Лето 1958 г. Соболевы проводили у родителей Татьяны в небольшом городе Озёры на юго-востоке Московской области. В один из июльских дней Соболев услышал информацию радио ГДР об открытии мемориала Второй мировой войны – “Бухенвальд”. Там, близ города Веймар в Тюрингии, в 1937–1945 гг. находился один из крупнейших фашистских концлагерей, в котором погибло 56 тыс. узников, в том числе десятки тысяч евреев, и который был освобожден 13 апреля 1945 г. американской армией (надо сказать, что за два дня до прихода американцев в лагере вспыхнуло восстание, в результате которого заключенные сумели перехватить контроль над лагерем у отступавших соединений гитлеровцев). В сообщении, услышанном Соболевым, говорилось, что между скорбных построек бывшего фашистского лагеря смерти на средства, собранные населением ГДР, возведена башня, увенчанная колоколом. Звон колокола должен постоянно напоминать об общечеловеческой трагедии, о жертвах фашизма и войны. Эту информацию Соболев воспринял как ощутимый удар по сознанию. Она дошла не только до ушей, но до сердца поэта, знавшего войну не по сводкам Совинформбюро. Потом он рассказывал, что тогда будто бы услышал, увидел внутренним взором: раскачивается на многометровой башне массивный колокол, плывут в безграничном пространстве над планетой размеренные гулкие звуки... Они слышны в разных странах Земли как знак беды, знак тревоги... Поэт понял, что, если через 13 лет после окончания войны, унесшей миллионы жизней, начинает звучать колокол Бухенвальда, значит, в мире, обладающем уже сверхмощным оружием массового уничтожения (нестираема память о Хиросиме и Нагасаки!), неспокойно, обостряется предчувствие новой общечеловеческой бойни. Мир опять на пороге войны, быть может последней в истории человечества... И опасения и тревога поэта за судьбы мира справедливы и – увы! – обоснованны. Значит, время бить в набат!

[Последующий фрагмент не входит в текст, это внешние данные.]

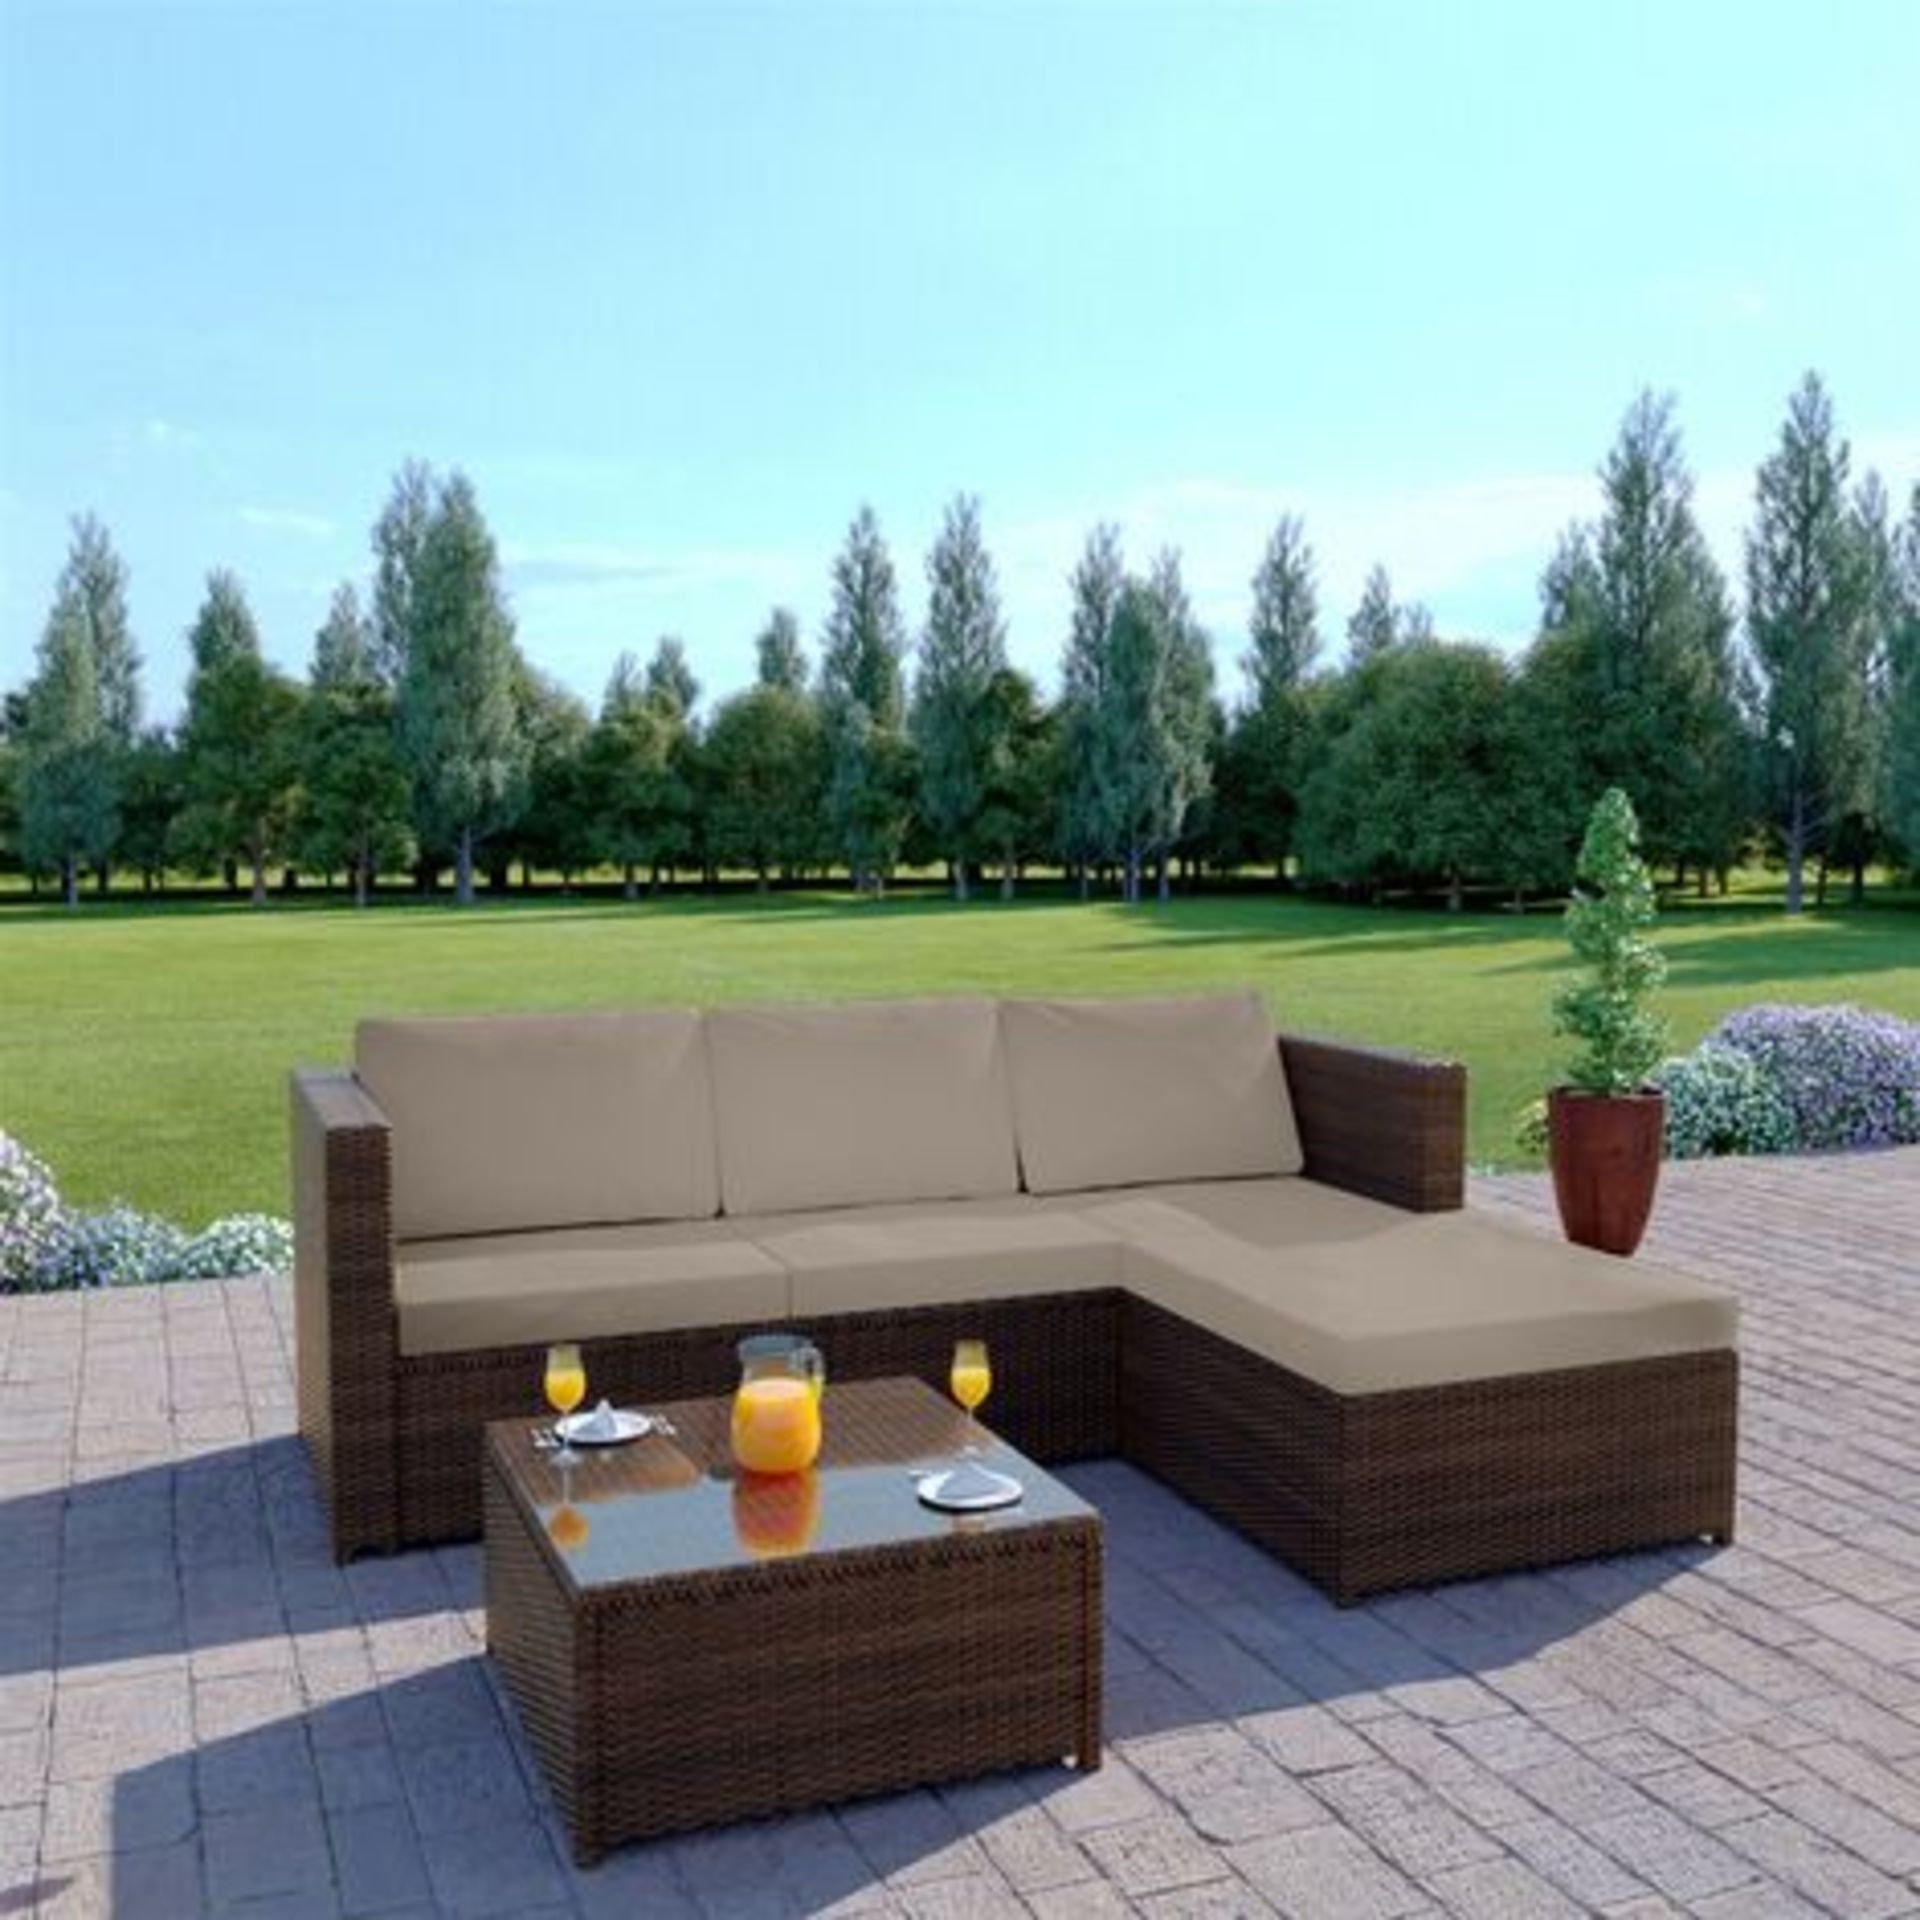 Brand New Rattan Garden Corner Sofa And Drinks Table Patio Furniture Set INCLUDES OUTDOOR PROTECTIVE

Так возникла у Соболева идея стихотворения “Бухенвальдский набат”. Начальный вариант – семь строф – был готов через два часа. Потом последовала тщательная доработка стихов, и для публикации были оставлены всего три строфы. В них поэт, бывший фронтовик, “по праву пехотинца рядового, калеченного, мятого войной, от имени всего живого” через границы и головы правительств всех стран напрямик обратился к людям мира со страстным, идущим к сердцу каждого землянина призывом: по зову набата сплотить усилия народов планеты за мир, защиту жизни на Земле, пока еще не поздно… Не допустить новой войны – дело всех и каждого. Отсюда и первые слова стихотворения, слова обращения: “Люди мира!”.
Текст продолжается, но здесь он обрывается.